- _WHAT YOU SHOULD DO_: Write the listing out again, all of it, word for word.
════════════════════
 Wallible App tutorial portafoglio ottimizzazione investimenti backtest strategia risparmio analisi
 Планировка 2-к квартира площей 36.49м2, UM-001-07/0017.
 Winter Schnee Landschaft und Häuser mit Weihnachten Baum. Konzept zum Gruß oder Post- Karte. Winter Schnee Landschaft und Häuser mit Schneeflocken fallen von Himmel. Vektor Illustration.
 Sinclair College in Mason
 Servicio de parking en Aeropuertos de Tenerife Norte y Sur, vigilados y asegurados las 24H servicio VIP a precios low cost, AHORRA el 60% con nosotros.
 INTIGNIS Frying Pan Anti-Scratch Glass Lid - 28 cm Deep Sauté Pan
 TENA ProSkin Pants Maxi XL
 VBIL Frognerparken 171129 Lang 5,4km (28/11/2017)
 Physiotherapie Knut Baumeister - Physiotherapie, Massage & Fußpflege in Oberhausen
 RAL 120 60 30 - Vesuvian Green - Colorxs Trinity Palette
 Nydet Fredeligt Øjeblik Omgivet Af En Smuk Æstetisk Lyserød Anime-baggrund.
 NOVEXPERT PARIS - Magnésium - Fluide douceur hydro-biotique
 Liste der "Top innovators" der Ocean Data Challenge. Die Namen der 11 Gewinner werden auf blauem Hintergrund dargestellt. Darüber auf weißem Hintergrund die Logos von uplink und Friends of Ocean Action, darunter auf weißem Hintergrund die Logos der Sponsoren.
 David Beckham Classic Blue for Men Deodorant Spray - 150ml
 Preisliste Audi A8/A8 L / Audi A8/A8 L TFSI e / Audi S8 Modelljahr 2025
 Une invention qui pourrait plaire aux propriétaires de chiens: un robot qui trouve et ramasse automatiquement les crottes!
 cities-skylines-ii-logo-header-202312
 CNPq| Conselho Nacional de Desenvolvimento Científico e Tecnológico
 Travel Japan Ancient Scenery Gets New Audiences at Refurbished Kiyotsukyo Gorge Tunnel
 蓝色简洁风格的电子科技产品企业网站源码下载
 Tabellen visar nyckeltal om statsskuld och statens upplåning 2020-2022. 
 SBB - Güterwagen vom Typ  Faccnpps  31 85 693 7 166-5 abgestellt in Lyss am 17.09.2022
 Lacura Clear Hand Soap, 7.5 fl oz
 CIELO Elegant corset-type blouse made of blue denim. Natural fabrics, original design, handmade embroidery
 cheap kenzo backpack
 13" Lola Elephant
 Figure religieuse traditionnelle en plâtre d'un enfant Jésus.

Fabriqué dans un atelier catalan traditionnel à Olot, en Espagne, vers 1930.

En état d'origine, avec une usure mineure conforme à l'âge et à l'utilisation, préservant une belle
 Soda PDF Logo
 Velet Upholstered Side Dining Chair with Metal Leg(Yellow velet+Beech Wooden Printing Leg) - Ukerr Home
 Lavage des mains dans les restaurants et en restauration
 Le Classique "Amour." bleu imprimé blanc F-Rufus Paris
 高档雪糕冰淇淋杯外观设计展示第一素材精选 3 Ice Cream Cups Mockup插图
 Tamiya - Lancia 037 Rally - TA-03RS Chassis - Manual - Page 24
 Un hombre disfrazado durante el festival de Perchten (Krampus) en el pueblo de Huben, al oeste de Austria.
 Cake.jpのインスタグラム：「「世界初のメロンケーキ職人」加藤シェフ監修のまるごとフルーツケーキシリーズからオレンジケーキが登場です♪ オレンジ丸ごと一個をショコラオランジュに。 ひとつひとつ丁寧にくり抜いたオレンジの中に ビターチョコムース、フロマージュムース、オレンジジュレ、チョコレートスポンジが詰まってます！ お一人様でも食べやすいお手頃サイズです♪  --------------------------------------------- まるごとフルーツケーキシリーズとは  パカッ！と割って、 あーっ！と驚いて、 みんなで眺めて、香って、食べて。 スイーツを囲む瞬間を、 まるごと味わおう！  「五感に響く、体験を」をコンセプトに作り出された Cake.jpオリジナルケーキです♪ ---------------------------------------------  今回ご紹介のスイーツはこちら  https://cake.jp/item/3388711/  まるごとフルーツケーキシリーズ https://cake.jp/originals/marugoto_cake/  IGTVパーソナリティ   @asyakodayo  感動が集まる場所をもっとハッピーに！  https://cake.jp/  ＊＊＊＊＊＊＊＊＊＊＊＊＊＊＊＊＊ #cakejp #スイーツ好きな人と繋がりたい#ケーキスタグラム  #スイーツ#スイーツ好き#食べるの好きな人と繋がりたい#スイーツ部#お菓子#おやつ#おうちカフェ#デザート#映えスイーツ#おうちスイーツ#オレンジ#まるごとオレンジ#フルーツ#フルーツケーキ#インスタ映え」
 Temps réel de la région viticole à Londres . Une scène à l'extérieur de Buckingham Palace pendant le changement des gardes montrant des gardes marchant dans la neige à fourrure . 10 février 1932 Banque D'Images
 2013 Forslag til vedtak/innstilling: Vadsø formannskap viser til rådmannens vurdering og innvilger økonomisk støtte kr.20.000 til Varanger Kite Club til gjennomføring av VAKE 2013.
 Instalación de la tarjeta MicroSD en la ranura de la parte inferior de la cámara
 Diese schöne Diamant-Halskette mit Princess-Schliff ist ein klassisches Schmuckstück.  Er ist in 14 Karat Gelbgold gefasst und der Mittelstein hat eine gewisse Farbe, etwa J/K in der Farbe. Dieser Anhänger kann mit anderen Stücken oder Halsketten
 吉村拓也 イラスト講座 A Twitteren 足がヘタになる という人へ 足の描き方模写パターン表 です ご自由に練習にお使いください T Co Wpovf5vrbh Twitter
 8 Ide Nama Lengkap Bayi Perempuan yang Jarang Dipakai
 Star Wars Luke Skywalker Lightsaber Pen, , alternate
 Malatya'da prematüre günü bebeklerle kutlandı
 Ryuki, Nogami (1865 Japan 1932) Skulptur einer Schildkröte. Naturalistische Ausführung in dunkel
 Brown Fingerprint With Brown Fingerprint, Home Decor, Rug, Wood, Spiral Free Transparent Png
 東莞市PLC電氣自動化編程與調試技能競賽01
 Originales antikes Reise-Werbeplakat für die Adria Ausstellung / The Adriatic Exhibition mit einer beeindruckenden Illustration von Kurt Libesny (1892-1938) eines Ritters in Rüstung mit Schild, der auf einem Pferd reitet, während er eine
════════════════════
- _RESPONSE TO THIS TASK_:
 Wallible App tutorial portafoglio ottimizzazione investimenti backtest strategia risparmio analisi
 Планировка 2-к квартира площей 36.49м2, UM-001-07/0017.
 Winter Schnee Landschaft und Häuser mit Weihnachten Baum. Konzept zum Gruß oder Post- Karte. Winter Schnee Landschaft und Häuser mit Schneeflocken fallen von Himmel. Vektor Illustration.
 Sinclair College in Mason
 Servicio de parking en Aeropuertos de Tenerife Norte y Sur, vigilados y asegurados las 24H servicio VIP a precios low cost, AHORRA el 60% con nosotros.
 INTIGNIS Frying Pan Anti-Scratch Glass Lid - 28 cm Deep Sauté Pan
 TENA ProSkin Pants Maxi XL
 VBIL Frognerparken 171129 Lang 5,4km (28/11/2017)
 Physiotherapie Knut Baumeister - Physiotherapie, Massage & Fußpflege in Oberhausen
 RAL 120 60 30 - Vesuvian Green - Colorxs Trinity Palette
 Nydet Fredeligt Øjeblik Omgivet Af En Smuk Æstetisk Lyserød Anime-baggrund.
 NOVEXPERT PARIS - Magnésium - Fluide douceur hydro-biotique
 Liste der "Top innovators" der Ocean Data Challenge. Die Namen der 11 Gewinner werden auf blauem Hintergrund dargestellt. Darüber auf weißem Hintergrund die Logos von uplink und Friends of Ocean Action, darunter auf weißem Hintergrund die Logos der Sponsoren.
 David Beckham Classic Blue for Men Deodorant Spray - 150ml
 Preisliste Audi A8/A8 L / Audi A8/A8 L TFSI e / Audi S8 Modelljahr 2025
 Une invention qui pourrait plaire aux propriétaires de chiens: un robot qui trouve et ramasse automatiquement les crottes!
 cities-skylines-ii-logo-header-202312
 CNPq| Conselho Nacional de Desenvolvimento Científico e Tecnológico
 Travel Japan Ancient Scenery Gets New Audiences at Refurbished Kiyotsukyo Gorge Tunnel
 蓝色简洁风格的电子科技产品企业网站源码下载
 Tabellen visar nyckeltal om statsskuld och statens upplåning 2020-2022. 
 SBB - Güterwagen vom Typ  Faccnpps  31 85 693 7 166-5 abgestellt in Lyss am 17.09.2022
 Lacura Clear Hand Soap, 7.5 fl oz
 CIELO Elegant corset-type blouse made of blue denim. Natural fabrics, original design, handmade embroidery
 cheap kenzo backpack
 13" Lola Elephant
 Figure religieuse traditionnelle en plâtre d'un enfant Jésus.

Fabriqué dans un atelier catalan traditionnel à Olot, en Espagne, vers 1930.

En état d'origine, avec une usure mineure conforme à l'âge et à l'utilisation, préservant une belle
 Soda PDF Logo
 Velet Upholstered Side Dining Chair with Metal Leg(Yellow velet+Beech Wooden Printing Leg) - Ukerr Home
 Lavage des mains dans les restaurants et en restauration
 Le Classique "Amour." bleu imprimé blanc F-Rufus Paris
 高档雪糕冰淇淋杯外观设计展示第一素材精选 3 Ice Cream Cups Mockup插图
 Tamiya - Lancia 037 Rally - TA-03RS Chassis - Manual - Page 24
 Un hombre disfrazado durante el festival de Perchten (Krampus) en el pueblo de Huben, al oeste de Austria.
 Cake.jpのインスタグラム：「「世界初のメロンケーキ職人」加藤シェフ監修のまるごとフルーツケーキシリーズからオレンジケーキが登場です♪ オレンジ丸ごと一個をショコラオランジュに。 ひとつひとつ丁寧にくり抜いたオレンジの中に ビターチョコムース、フロマージュムース、オレンジジュレ、チョコレートスポンジが詰まってます！ お一人様でも食べやすいお手頃サイズです♪  --------------------------------------------- まるごとフルーツケーキシリーズとは  パカッ！と割って、 あーっ！と驚いて、 みんなで眺めて、香って、食べて。 スイーツを囲む瞬間を、 まるごと味わおう！  「五感に響く、体験を」をコンセプトに作り出された Cake.jpオリジナルケーキです♪ ---------------------------------------------  今回ご紹介のスイーツはこちら  https://cake.jp/item/3388711/  まるごとフルーツケーキシリーズ https://cake.jp/originals/marugoto_cake/  IGTVパーソナリティ   @asyakodayo  感動が集まる場所をもっとハッピーに！  https://cake.jp/  ＊＊＊＊＊＊＊＊＊＊＊＊＊＊＊＊＊ #cakejp #スイーツ好きな人と繋がりたい#ケーキスタグラム  #スイーツ#スイーツ好き#食べるの好きな人と繋がりたい#スイーツ部#お菓子#おやつ#おうちカフェ#デザート#映えスイーツ#おうちスイーツ#オレンジ#まるごとオレンジ#フルーツ#フルーツケーキ#インスタ映え」
 Temps réel de la région viticole à Londres . Une scène à l'extérieur de Buckingham Palace pendant le changement des gardes montrant des gardes marchant dans la neige à fourrure . 10 février 1932 Banque D'Images
 2013 Forslag til vedtak/innstilling: Vadsø formannskap viser til rådmannens vurdering og innvilger økonomisk støtte kr.20.000 til Varanger Kite Club til gjennomføring av VAKE 2013.
 Instalación de la tarjeta MicroSD en la ranura de la parte inferior de la cámara
 Diese schöne Diamant-Halskette mit Princess-Schliff ist ein klassisches Schmuckstück.  Er ist in 14 Karat Gelbgold gefasst und der Mittelstein hat eine gewisse Farbe, etwa J/K in der Farbe. Dieser Anhänger kann mit anderen Stücken oder Halsketten
 吉村拓也 イラスト講座 A Twitteren 足がヘタになる という人へ 足の描き方模写パターン表 です ご自由に練習にお使いください T Co Wpovf5vrbh Twitter
 8 Ide Nama Lengkap Bayi Perempuan yang Jarang Dipakai
 Star Wars Luke Skywalker Lightsaber Pen, , alternate
 Malatya'da prematüre günü bebeklerle kutlandı
 Ryuki, Nogami (1865 Japan 1932) Skulptur einer Schildkröte. Naturalistische Ausführung in dunkel
 Brown Fingerprint With Brown Fingerprint, Home Decor, Rug, Wood, Spiral Free Transparent Png
 東莞市PLC電氣自動化編程與調試技能競賽01
 Originales antikes Reise-Werbeplakat für die Adria Ausstellung / The Adriatic Exhibition mit einer beeindruckenden Illustration von Kurt Libesny (1892-1938) eines Ritters in Rüstung mit Schild, der auf einem Pferd reitet, während er eine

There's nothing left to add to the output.